Objectives: Retention of a flexible workforce due to an internal headcount restriction and cost control.
Partnership: The HMO and a staffing service teamed to provide an innovative solution where after six months the contingent staff would transition to the staffing service employ. The employee would receive a comprehensive benefit package where costs would be shared between the staffing service and the HMO. Also, a cost reduction plan was implemented based on length of service of each employee. A partial list of the benefits are: holiday and vacation pay that mirrors that of the HMO’s regular employees, health insurance, a 401k plan, direct payroll deposit, annual merit review, credit union and child care discount.
Results: This program began with seven employees, and now has over 40 employees participating. This comprehensive program has resulted in higher self-esteem of the contingent workers, higher productivity, lower turnover, reduced training expenses and increased employee referrals. In addition, the HMO has lowered its labor expenses and enjoyed increased profits.
Case Study #3
Industry: Manufacturer of cast aluminum products
Challenge: The client needed a variety of skilled workers for positions such as assembly, shipping, production lead, CNC machinist and CNC programmer. They traditionally used the temp-to-hire process but over the past year had been unable to find applicants with sufficient skills and experience.
Objectives: Find highly skilled employees to help reduce turnover.
Partnership: The staffing firm suggested that the manufacturer consider direct hire. The firm acknowledged that there are advantages to temp-to-hire, particularly the ability to “try the person out” before committing to hire, and the ability to avoid paying a direct hire fee. However, the disadvantage they have been experiencing is that temp-to-hire gives them access only to the unemployed. That group of workers is less than 10% of the available workforce. Direct hire opens up the pool of potential candidates to all those currently working, which is a much more substantial number of people.

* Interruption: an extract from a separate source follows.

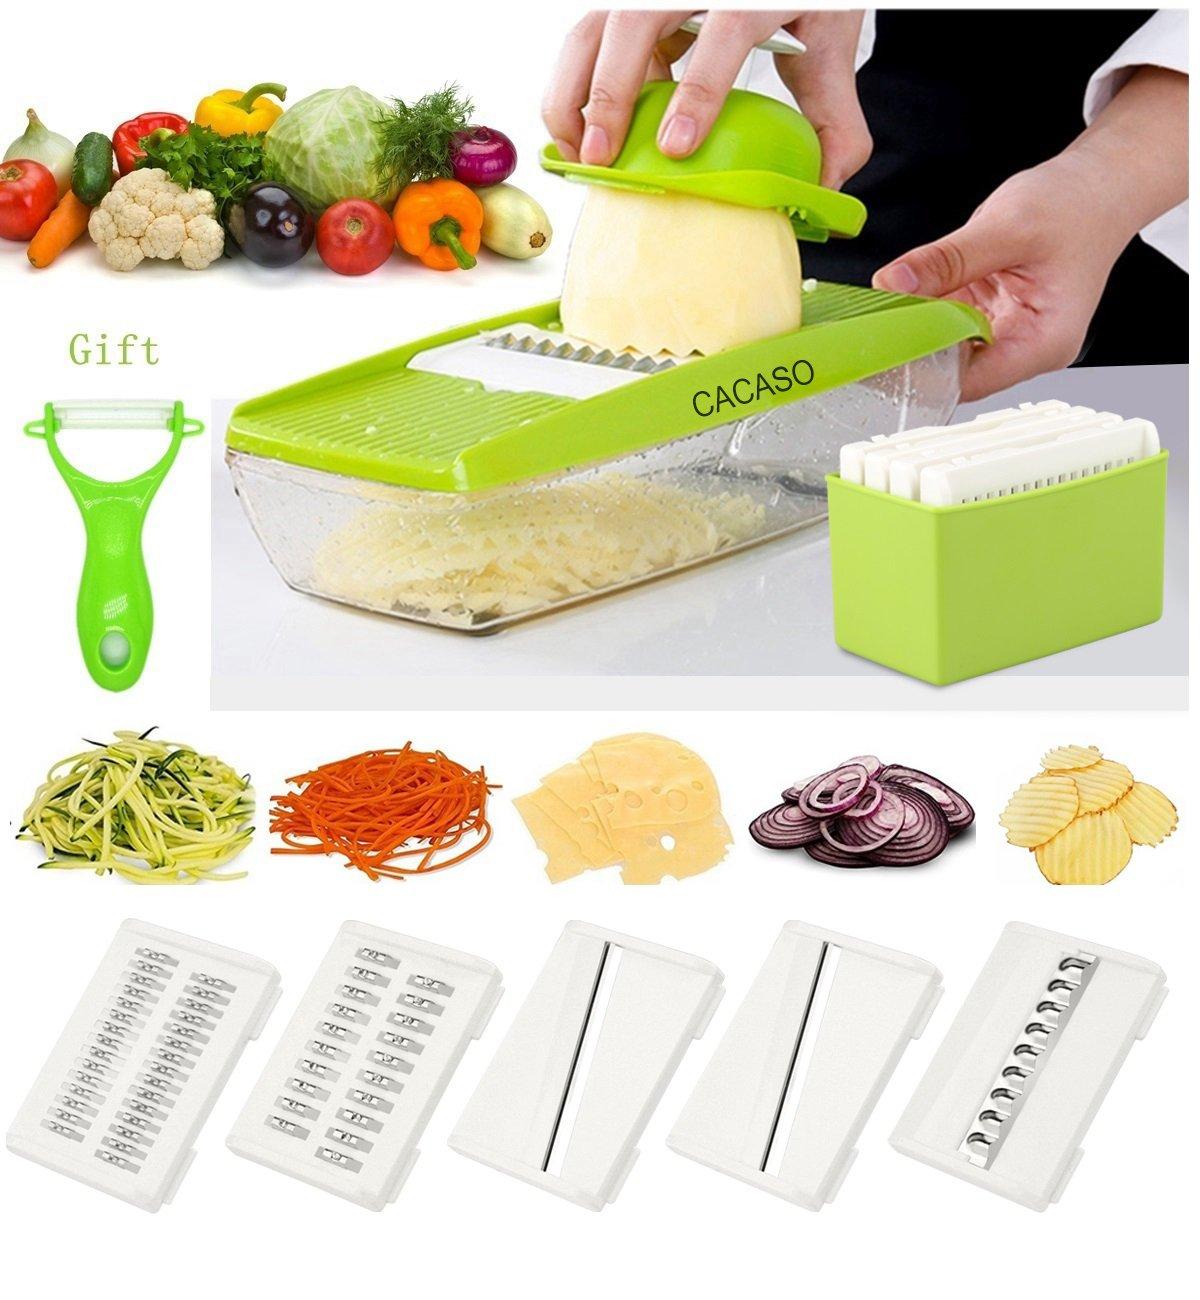 Amazon.com: Mandoline Slicer+Peeler, Kitchen Vegetable Slicer ...

The staffing firm also pointed out that their direct hire guarantee allowed them to “try the person out” and the fees compared well to the cost of cumulative temp bill rates.
Results: The manufacturer is now able to hire people for jobs that have been open for a year. In one case, a machinist who was working for $14.00/hour at another company was looking to find a job with pay more equal to his experience level. He was attracted to their position, which paid $18.00. He would not have considered the position had it been temp-to-hire.